Why do I feel like I opened a can of worms here? Perhaps it’s wicked problem syndrome.  The solution to a problem is not finding the solution but discovering the problem through finding solutions.  I think I got that correct. Although in the case of the automobile it surely seems like the solutions to finding the problem created the problem. I’m reminded of a quote from Victor Papanek’s book Design for the Real World (1971) .

“There are professions more harmful than industrial design, but only a few of them.” Or this “… by creating whole species of permanent garbage to clutter up the landscape, and by choosing materials and processes that pollute the air we breath, designers have become a dangerous breed.”

Papanek was certainly speaking a truth, unfortunately, a truth that was scorned by most of the designers of his time. The first quote I have heard numerous times this semester. Why? Because it is as relevant today as when he wrote it in 1971.

If I’ve learned anything this semester, I’ve learned that we cannot afford to look at anything at face value. Not even the problem. If we can’t afford to take even the problems we’re addressing at face value then we cannot assume a projects success or its failure without looking to how it’s being measured and who is creating the measurement.  In short, what’s the framework for measurement? The success/failure of a product or service in the market place has no bearing on the success/failure of that same service or product on the environment. As I’ve reminded myself over and over this semester, every front has a back.

This can have a deer in the headlights affect.

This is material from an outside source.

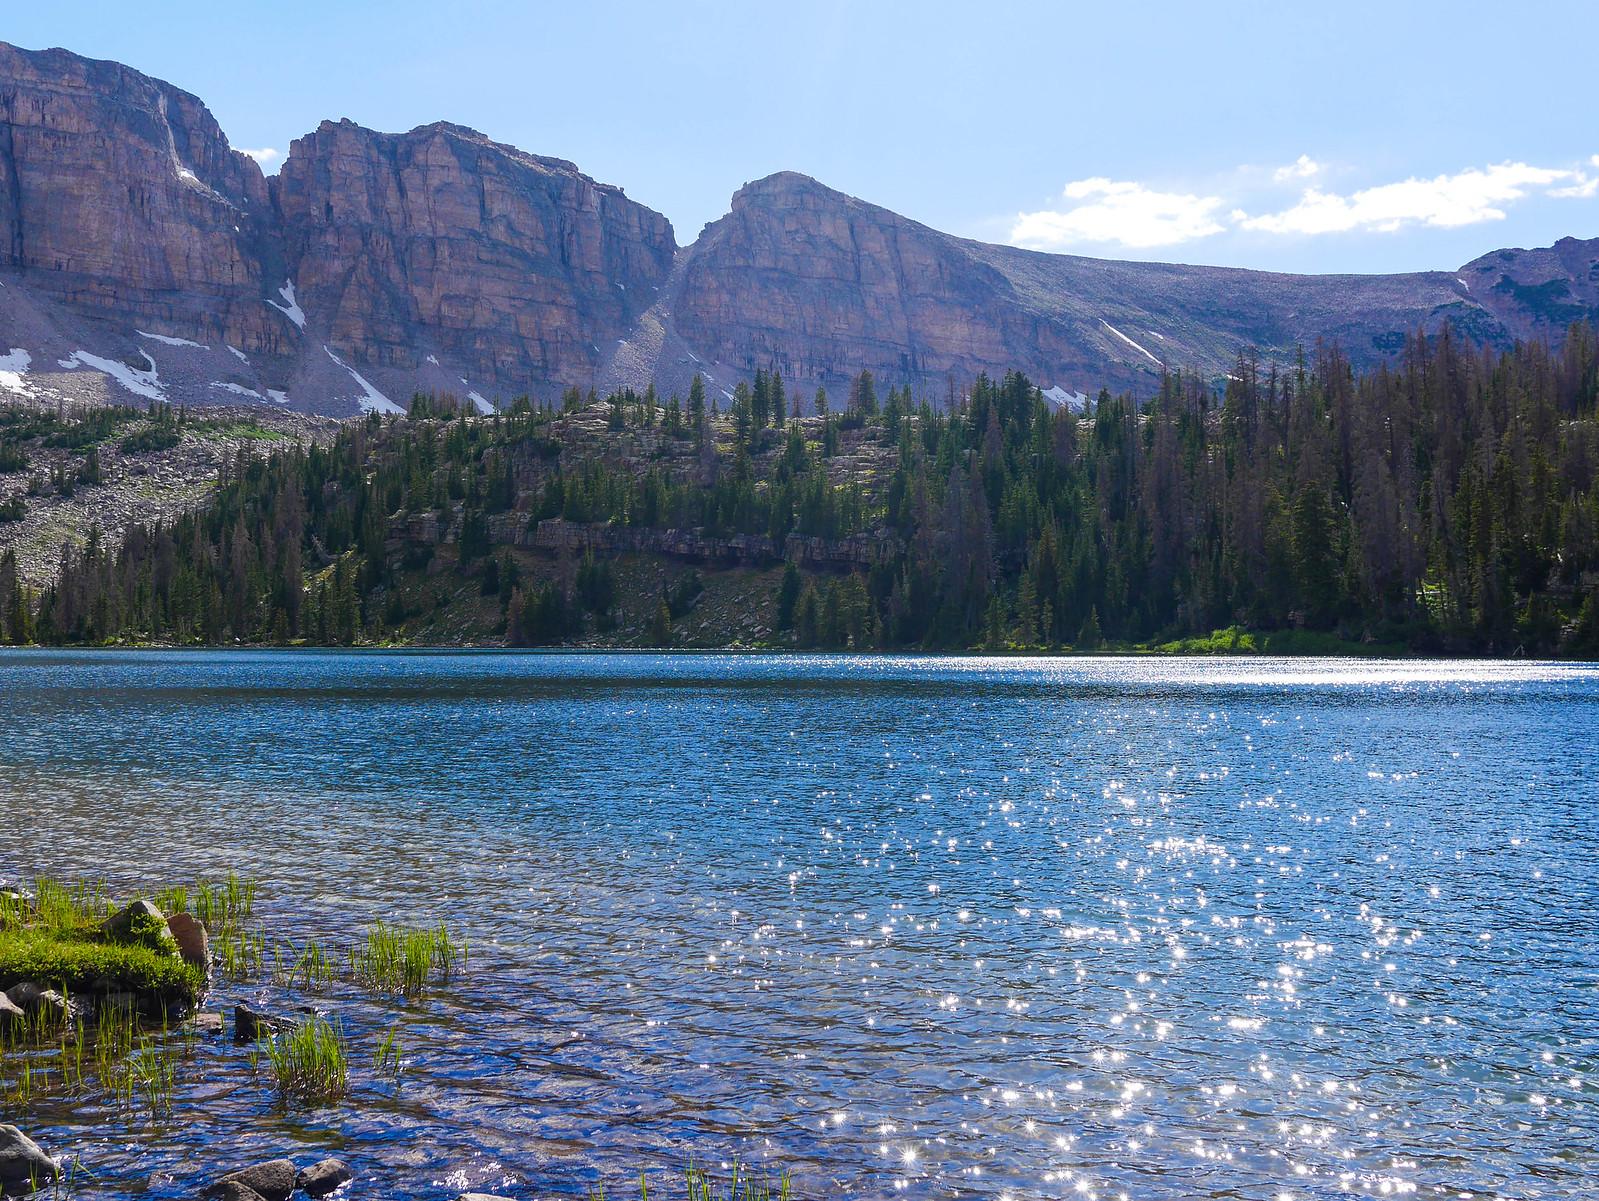 Ryder Lake

How do we act, knowing that our actions can have unintended consequences? How do we not act when we know action is called for?  Now there’s a quandary, one that we are not alone in. Another refrain we have heard this semester over again is: “Act in the face of uncertainty”. Perhaps here there is a measure of success that is undeniable. Because to simply act is the first step to exploration, questioning, wondering what if, debating, prototyping, experimenting, failing and even succeeding.